The task -
I would like the lines below, from the one with "Vintage Eastside YMCA Tee" through the one with "권진아 - 운이 좋았지 피아노2단-쉬워요 악보", copied exactly and without any pictures.

Source material -
***

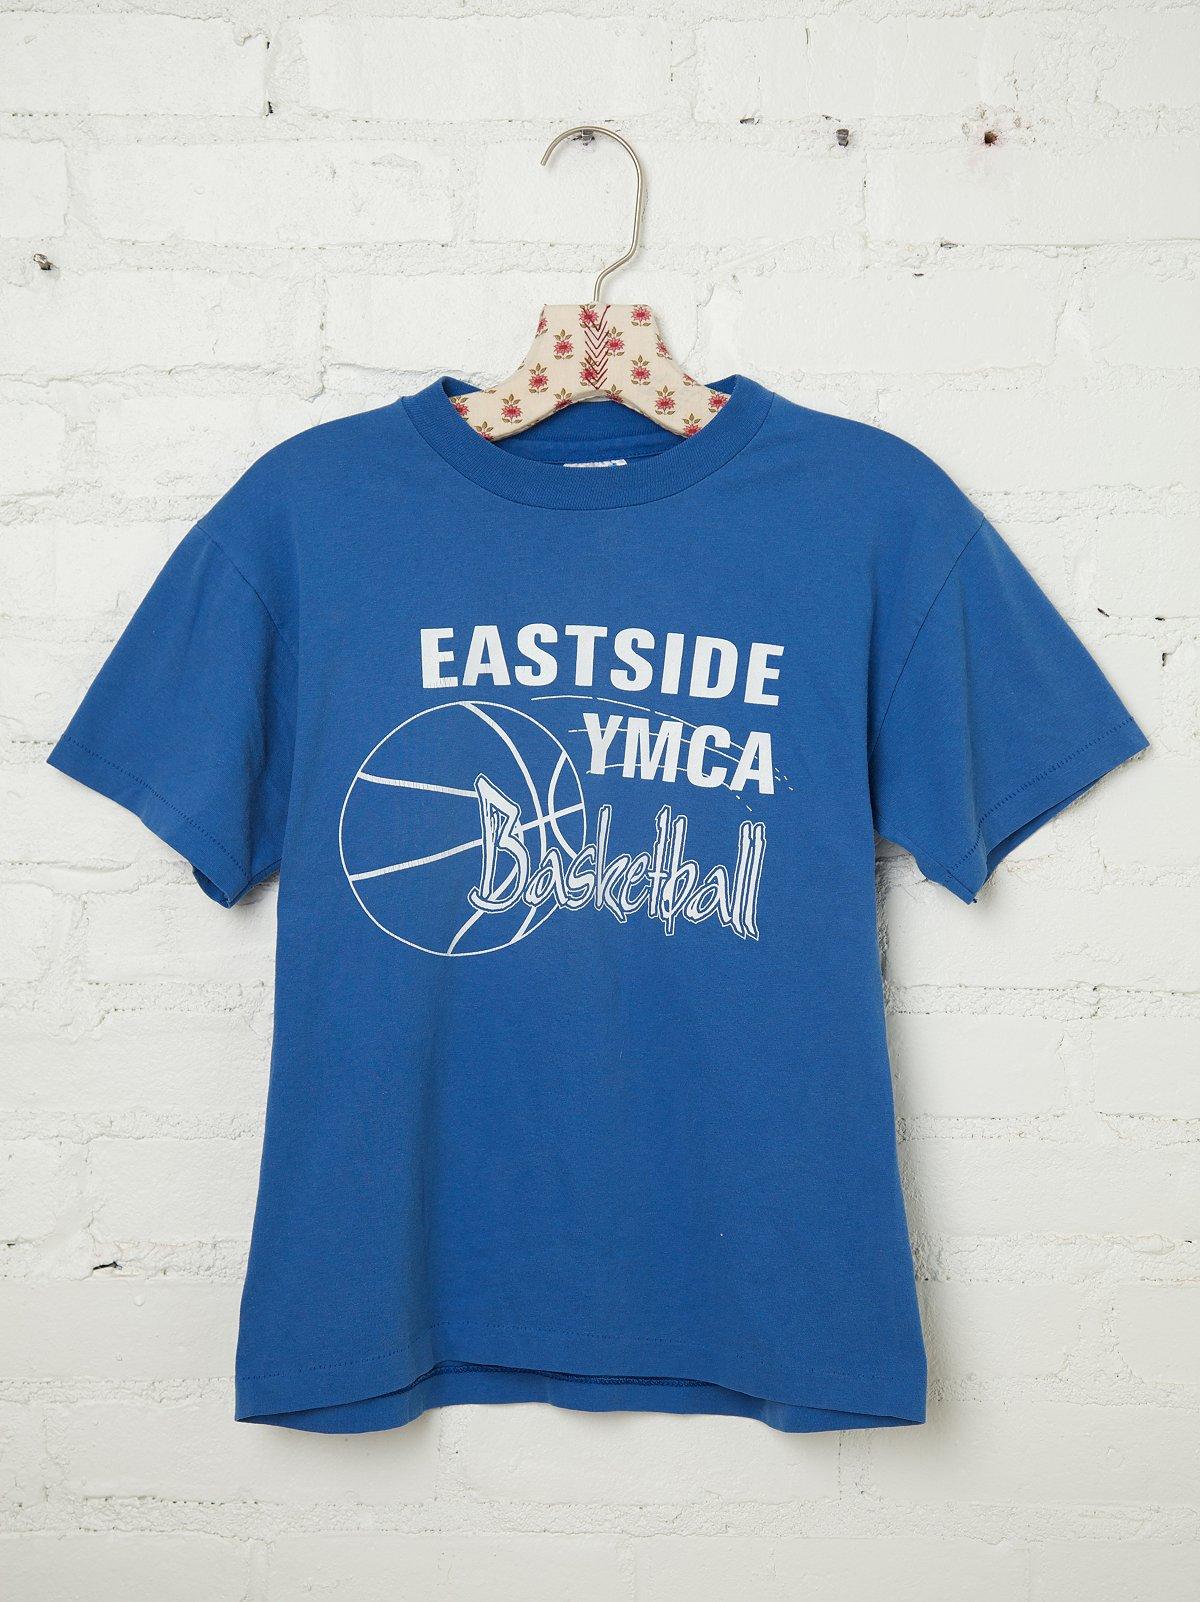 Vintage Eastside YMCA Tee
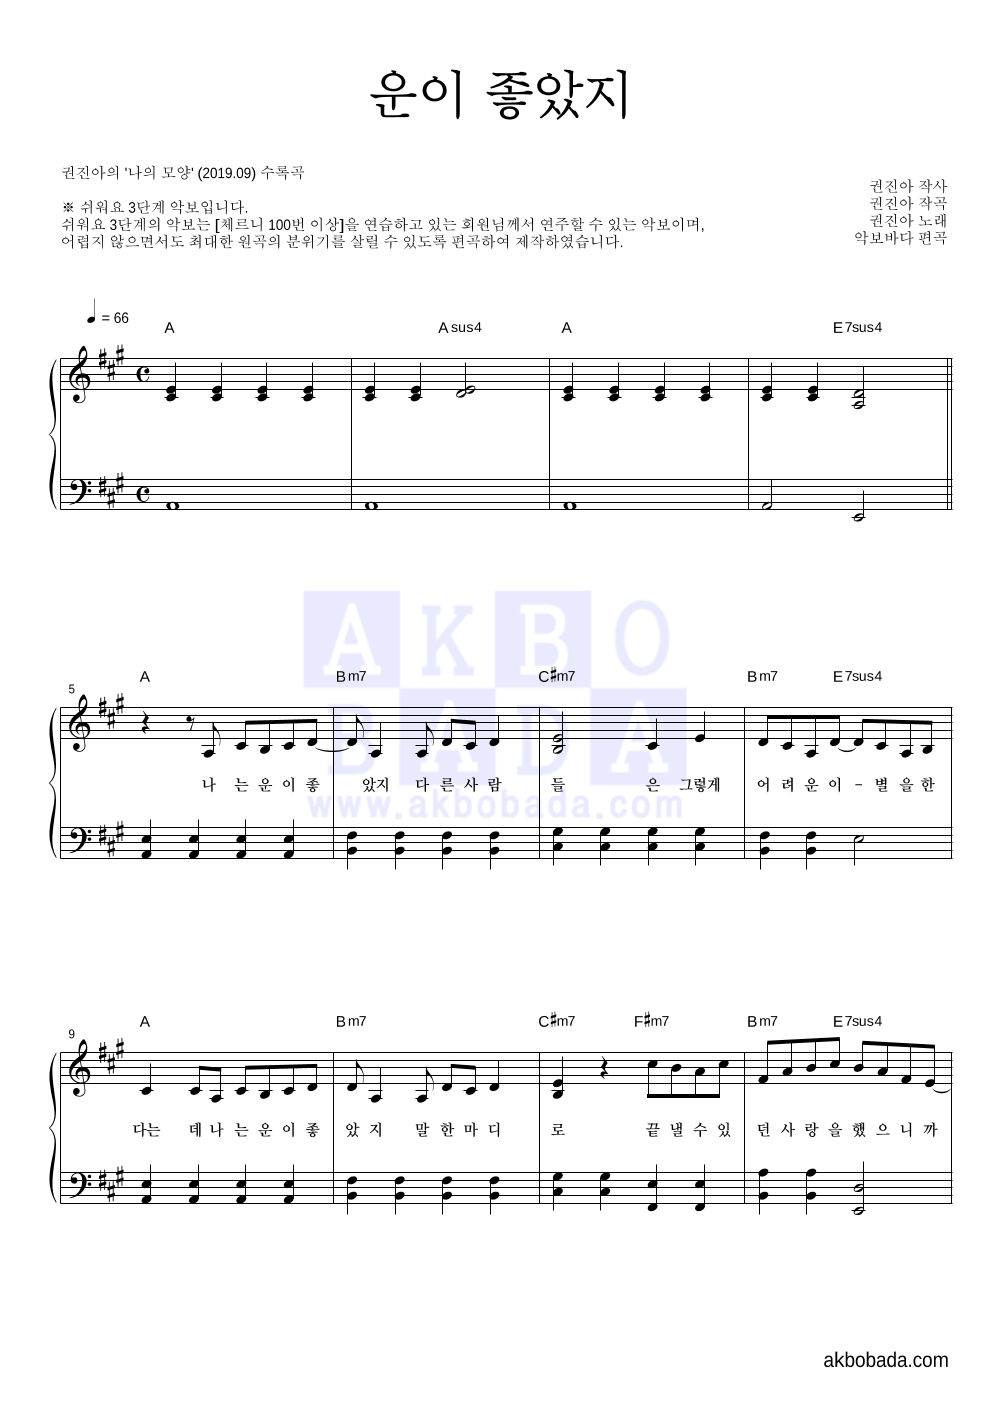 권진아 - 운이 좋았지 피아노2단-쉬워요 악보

***

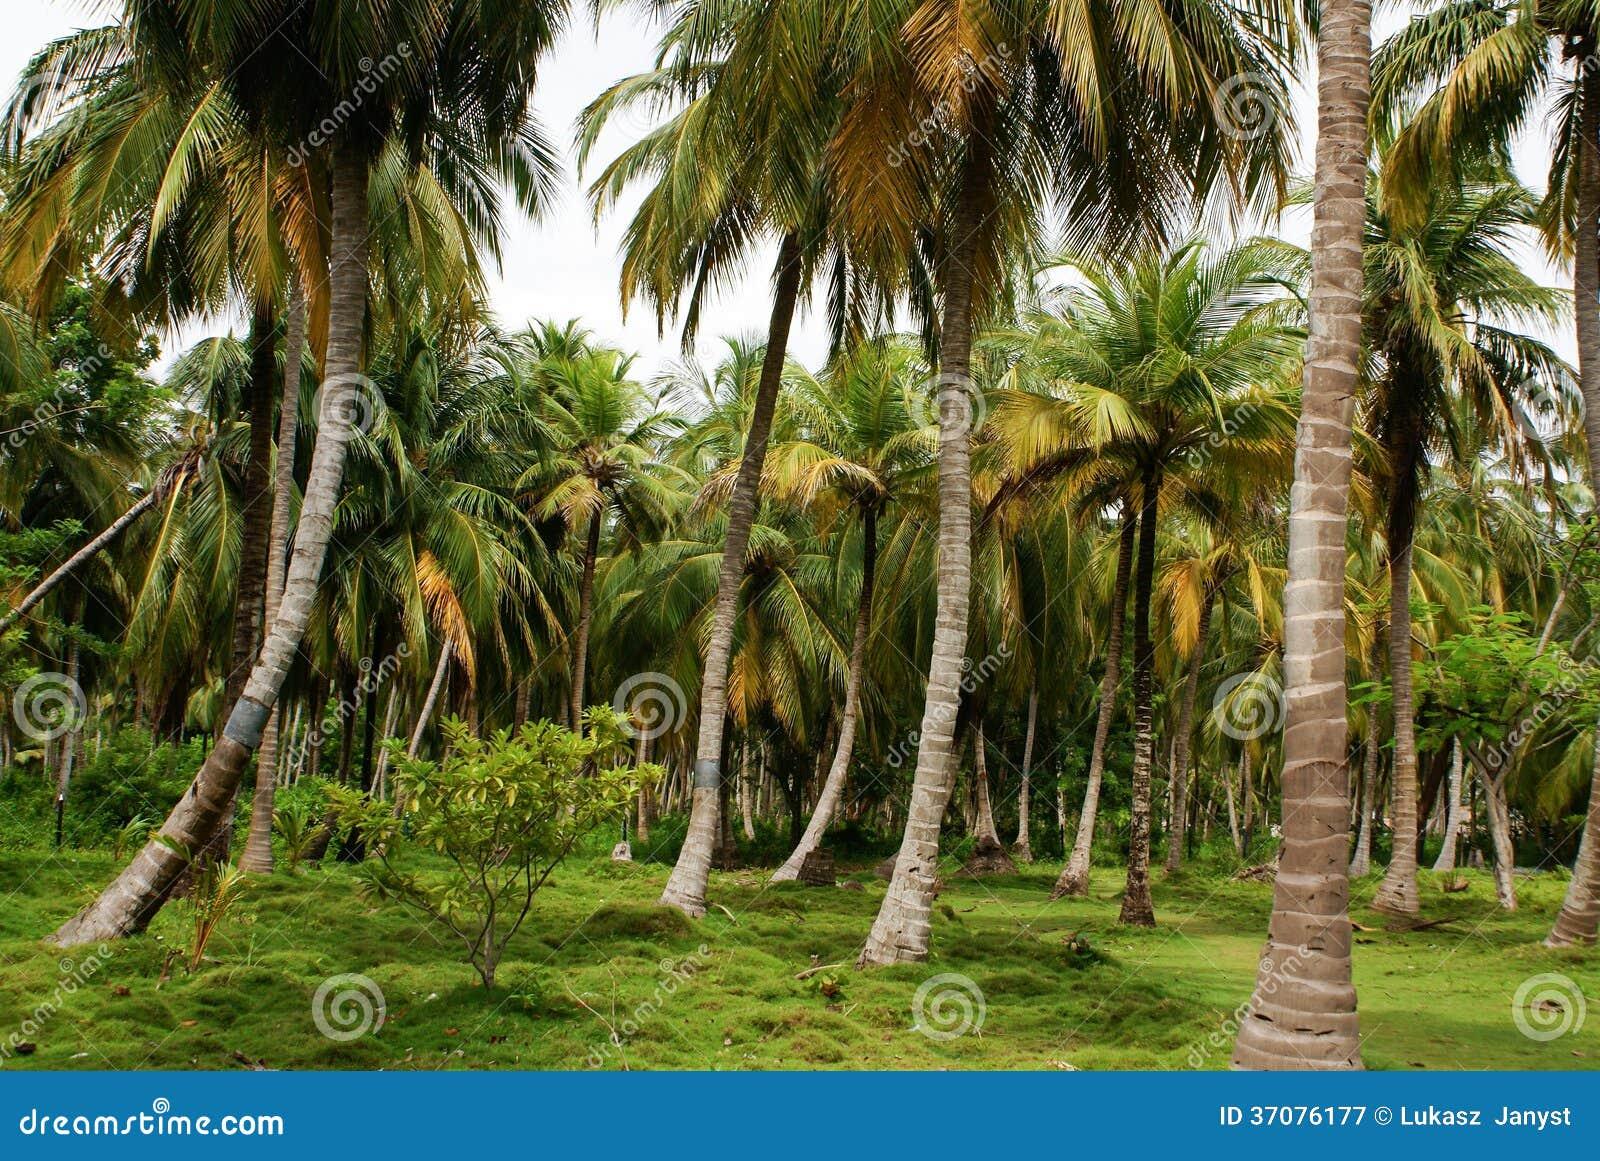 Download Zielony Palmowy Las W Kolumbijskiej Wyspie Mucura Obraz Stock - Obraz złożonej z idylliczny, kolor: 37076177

***

The answer -
 Vintage Eastside YMCA Tee
 권진아 - 운이 좋았지 피아노2단-쉬워요 악보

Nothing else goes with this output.